* Work instruction *
Copy the data exactly as it appears, and do not include any pictures.

* Information shown *
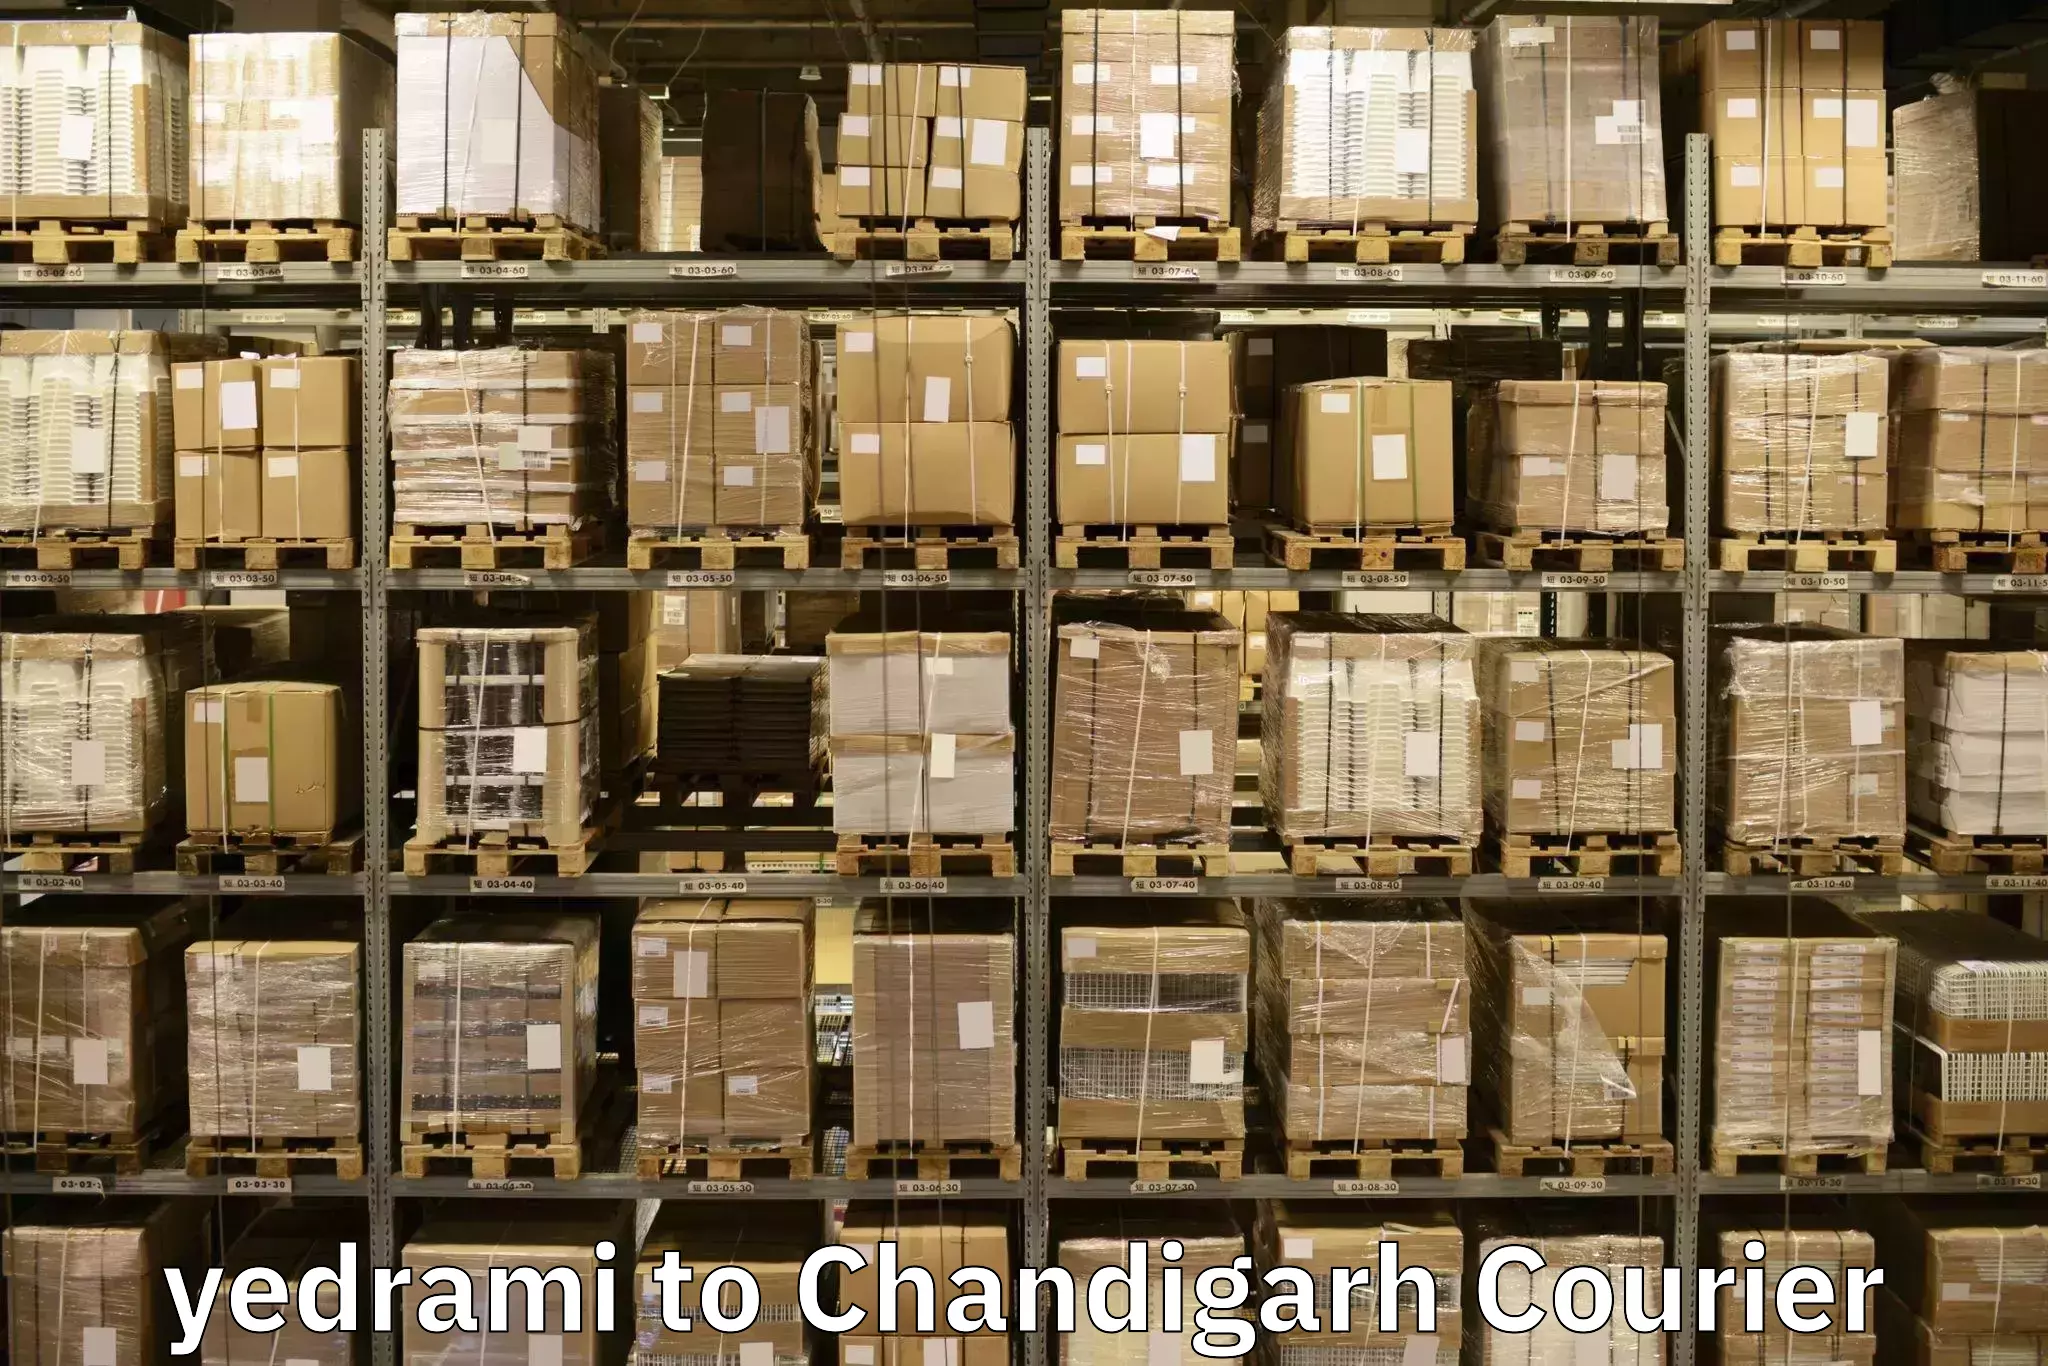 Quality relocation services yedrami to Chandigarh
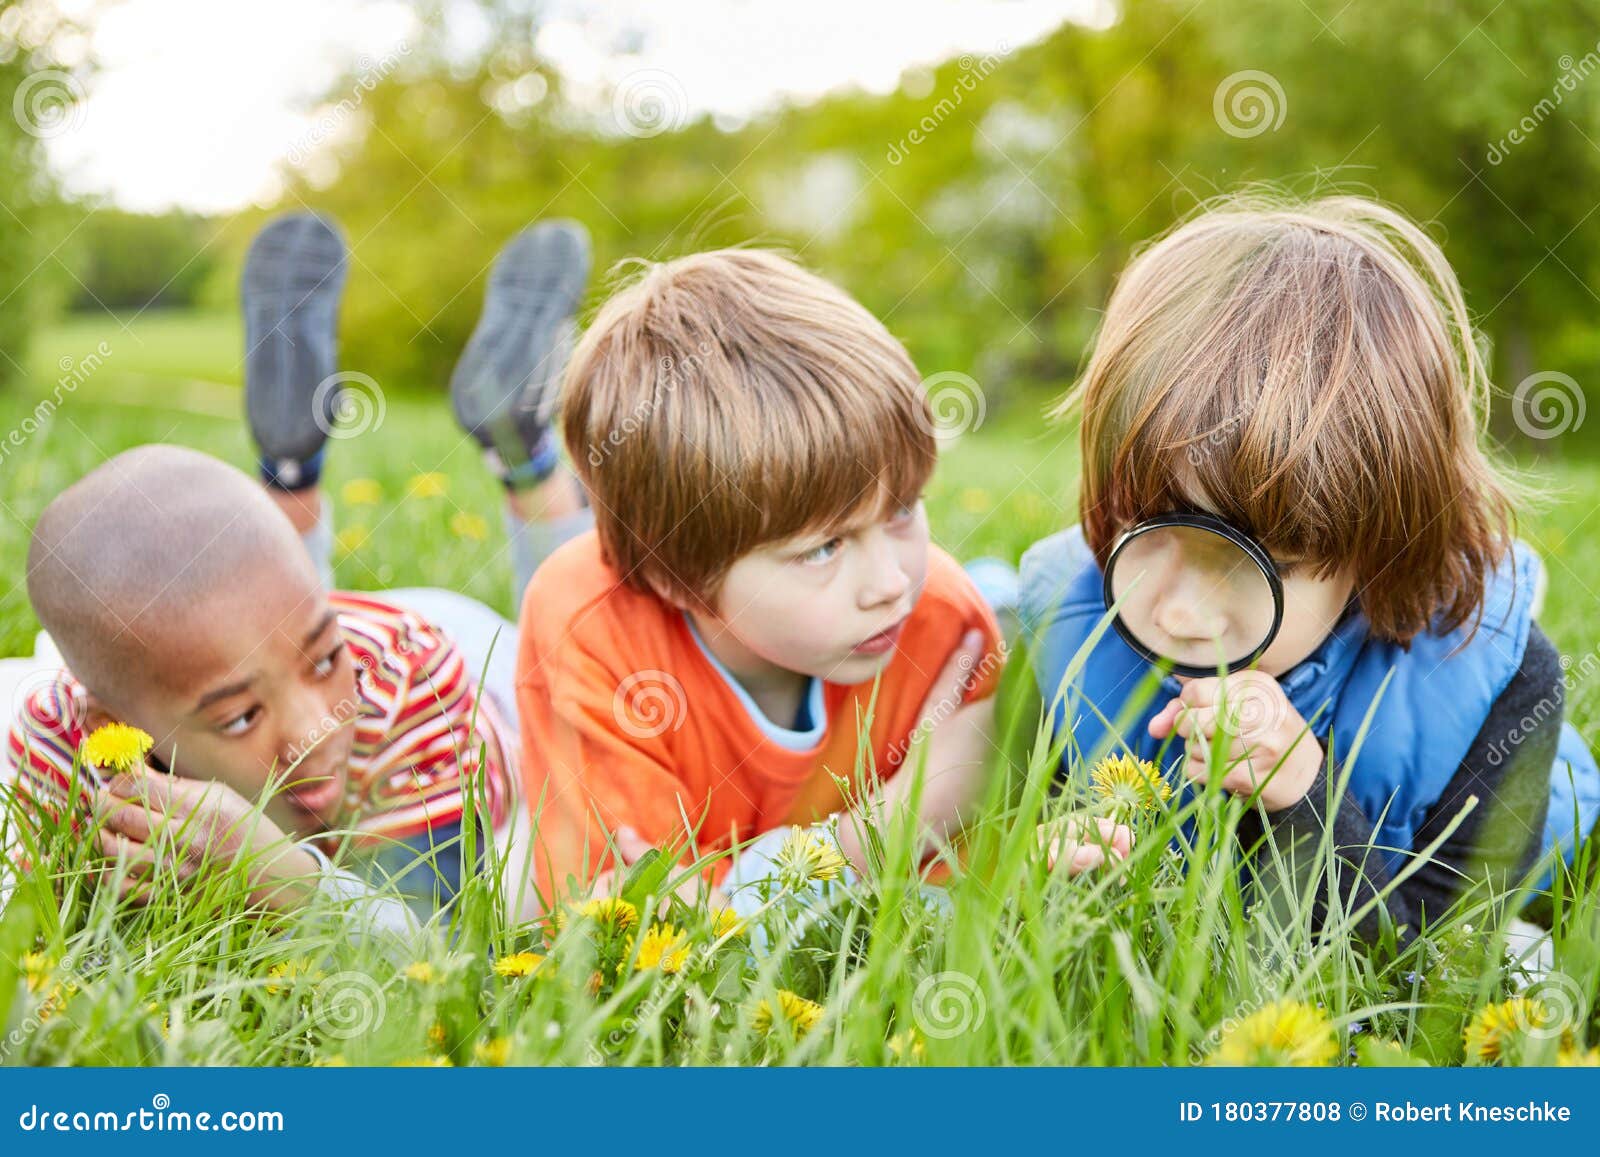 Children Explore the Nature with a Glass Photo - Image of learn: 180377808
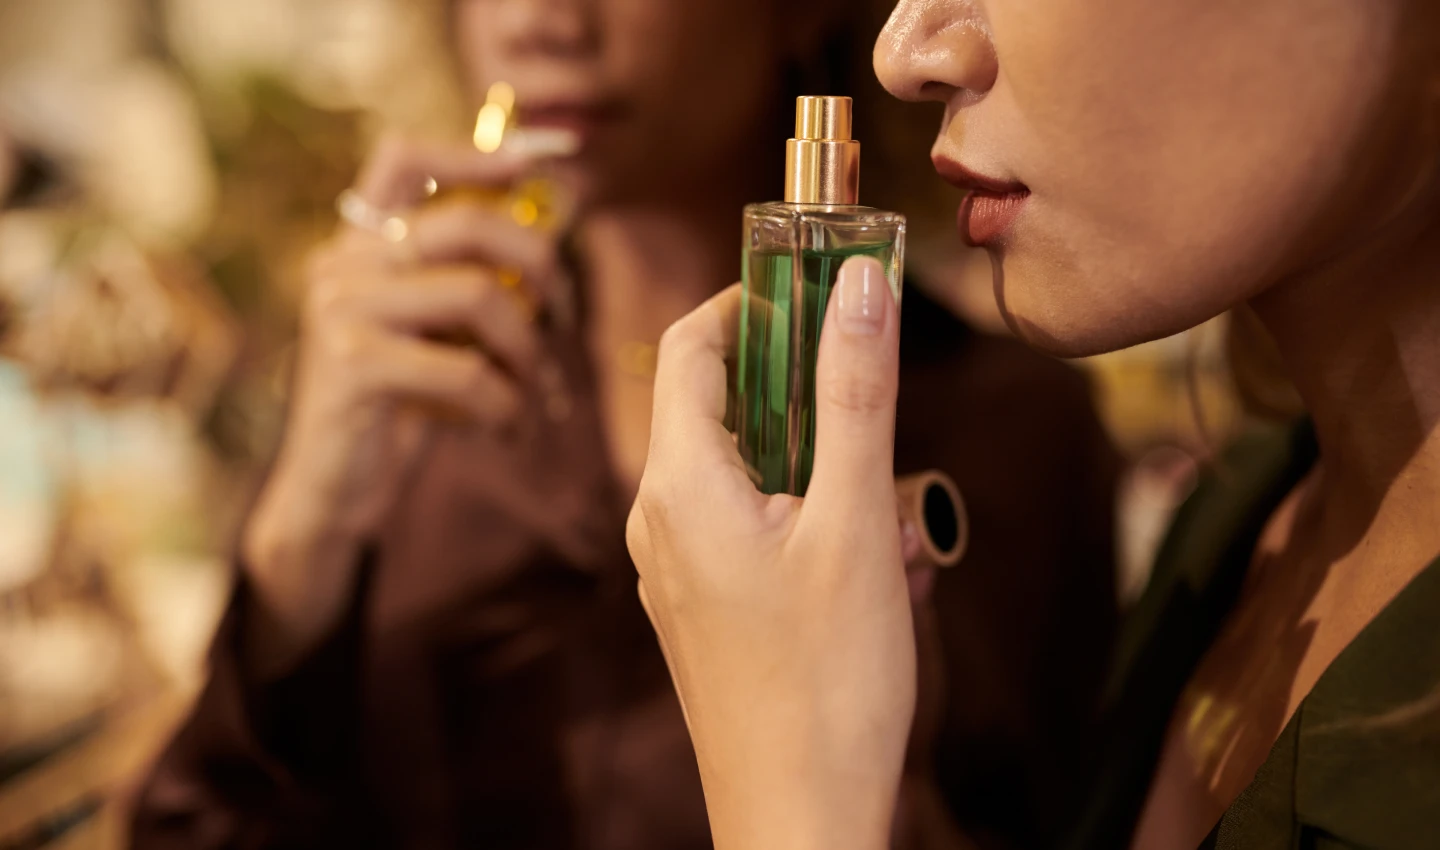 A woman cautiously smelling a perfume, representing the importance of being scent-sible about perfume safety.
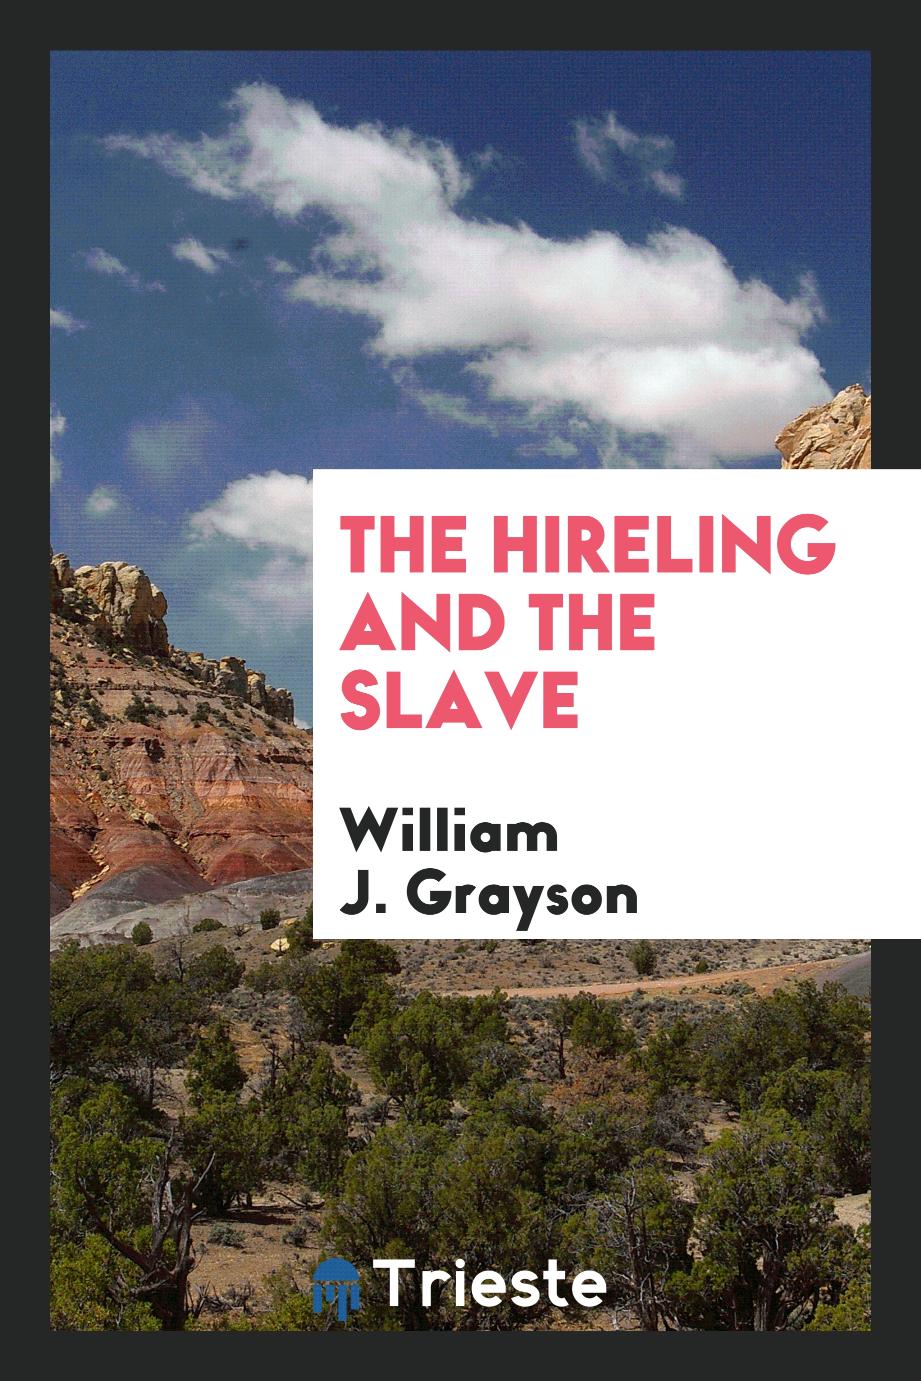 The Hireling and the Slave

* Expected answer *
 Quality relocation services yedrami to Chandigarh
 Children Explore the Nature with a Glass Photo - Image of learn: 180377808
 A woman cautiously smelling a perfume, representing the importance of being scent-sible about perfume safety.
 The Hireling and the Slave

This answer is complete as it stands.